Para quem participa da Feira, o autodiagnóstico pode ser um ponto de partida prático. Com base em respostas rápidas, é possível identificar o quanto a empresa já aplica conceitos de gestão e ESG, além de receber orientações de próximos passos para evoluir.

“Achei que ESG fosse algo distante da realidade de pequenos negócios, mas percebi que posso adotar pequenas mudanças já em casa e que geram impacto. O diagnóstico mostrou onde posso melhorar”, afirma Weslayne Hage, que faz doces e bolos artesanais e participou da atividade.

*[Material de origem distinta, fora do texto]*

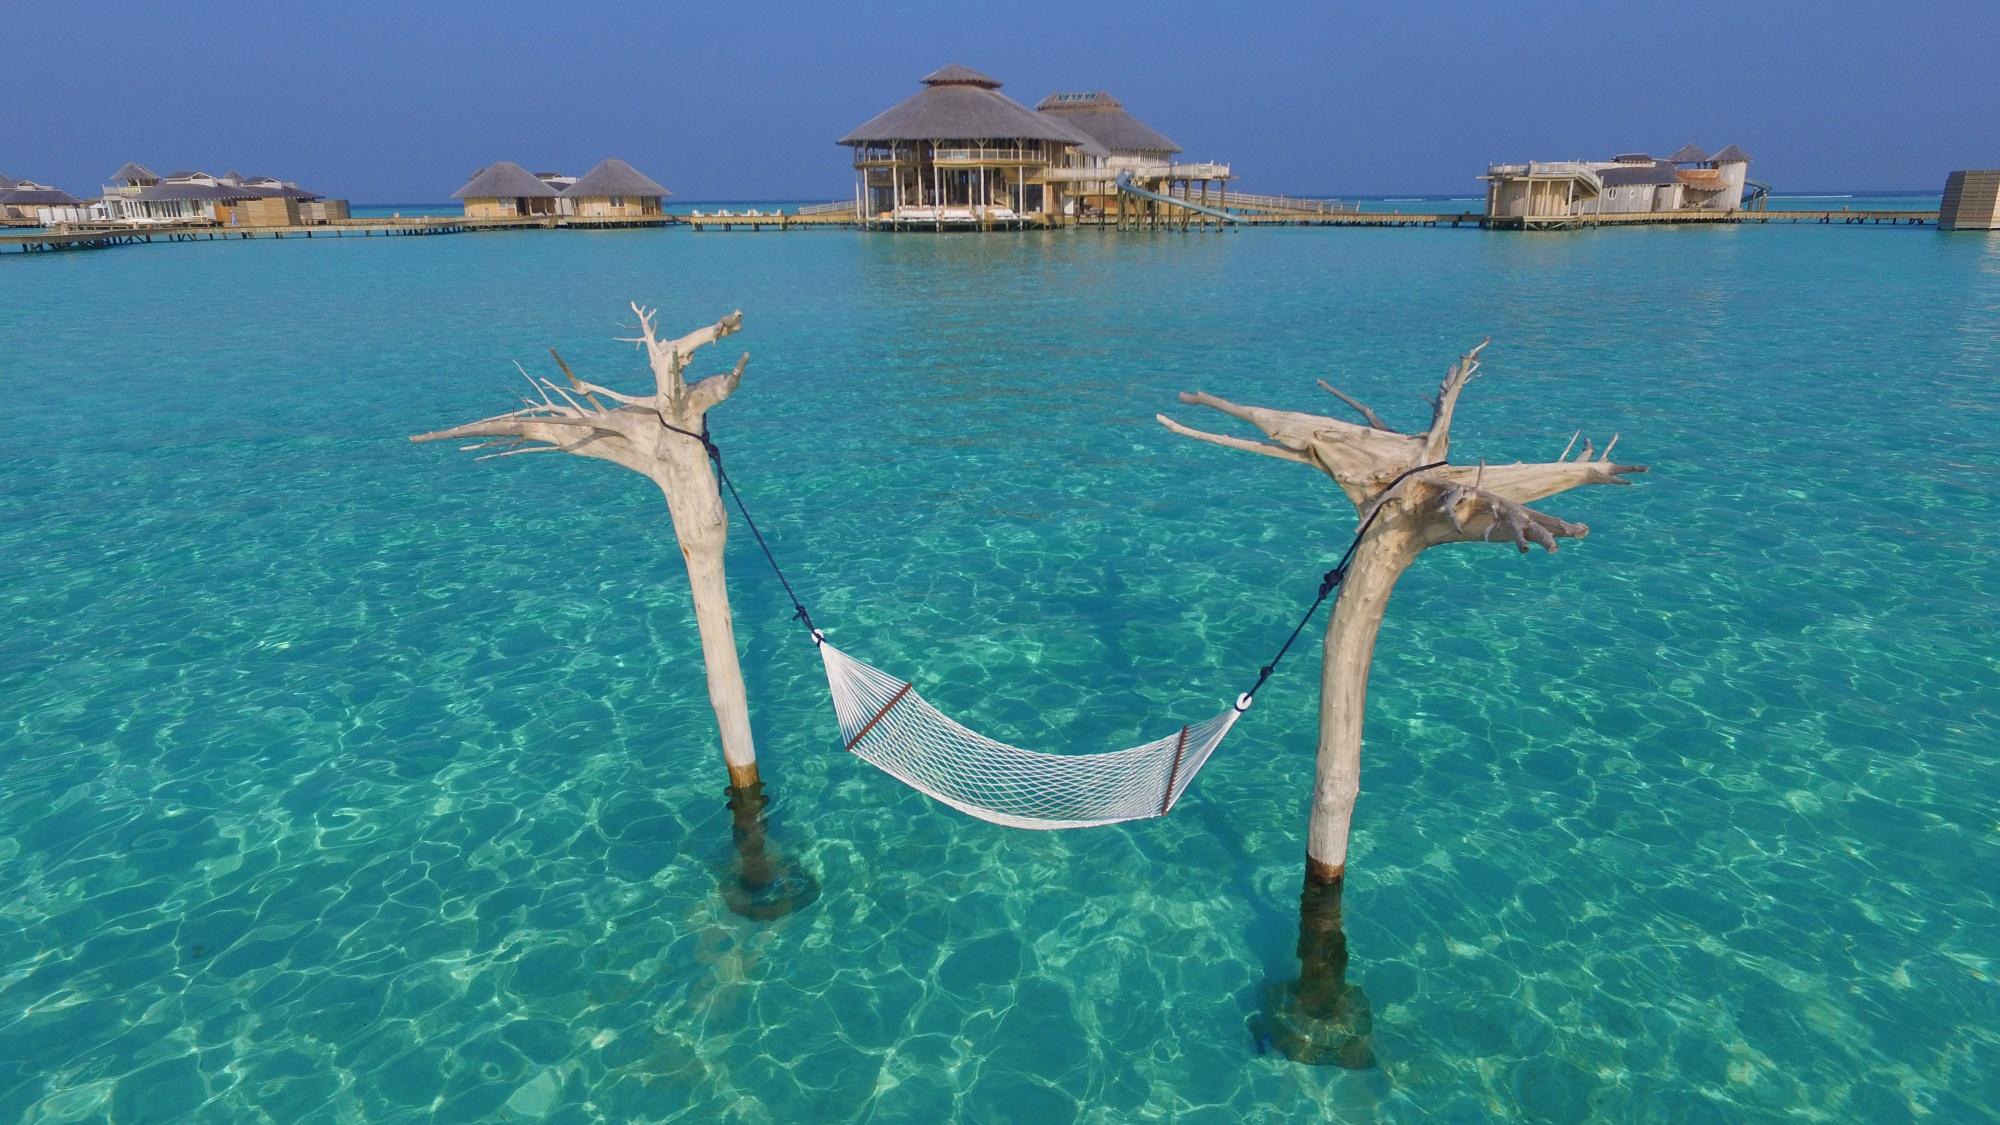 Soneva Jani Maldives Instagram Famous Water Villas With

Segundo Weslayne, o autodiagnóstico ajudou a identificar pontos de melhoria e até a acessar benefícios como crédito e novas oportunidades de mercado. Foto: Divulgação

Weslayne veio há seis meses do Amapá para o Paraná em busca de melhores oportunidades e mais qualidade de vida para seus dois filhos, de 10 e 5 anos. Mãe solo, ela mora atualmente em Almirante Tamandaré, na Região Metropolitana de Curitiba, e trabalha como operadora de caixa enquanto empreende paralelamente com a Lany Cakes para prover a família.

“Faz sete anos que faço bolos e doces, coloco no meu trabalho sempre um toque da culinária amazônica. Esse ano decidi colocar mais energia no meu empreendimento. Estou participando da Feira desde o primeiro dia e já vi que o Sebrae pode me ajudar muito”, disse.

Segundo o consultor do Sebrae/PR, Joelson Carvalho, a proposta é mostrar que ESG não é burocracia. Ele pode ser uma forma de fortalecer o negócio, reduzir riscos e ampliar oportunidades de crescimento.

“Trabalhamos para mostrar que aplicar ESG traz retorno real: em crédito, em credibilidade e em competitividade. Queremos que cada empresa saia da Feira com a consciência de que esse é um caminho viável e estratégico”, reforça.

O diagnóstico está disponível no site do Sebrae/PR.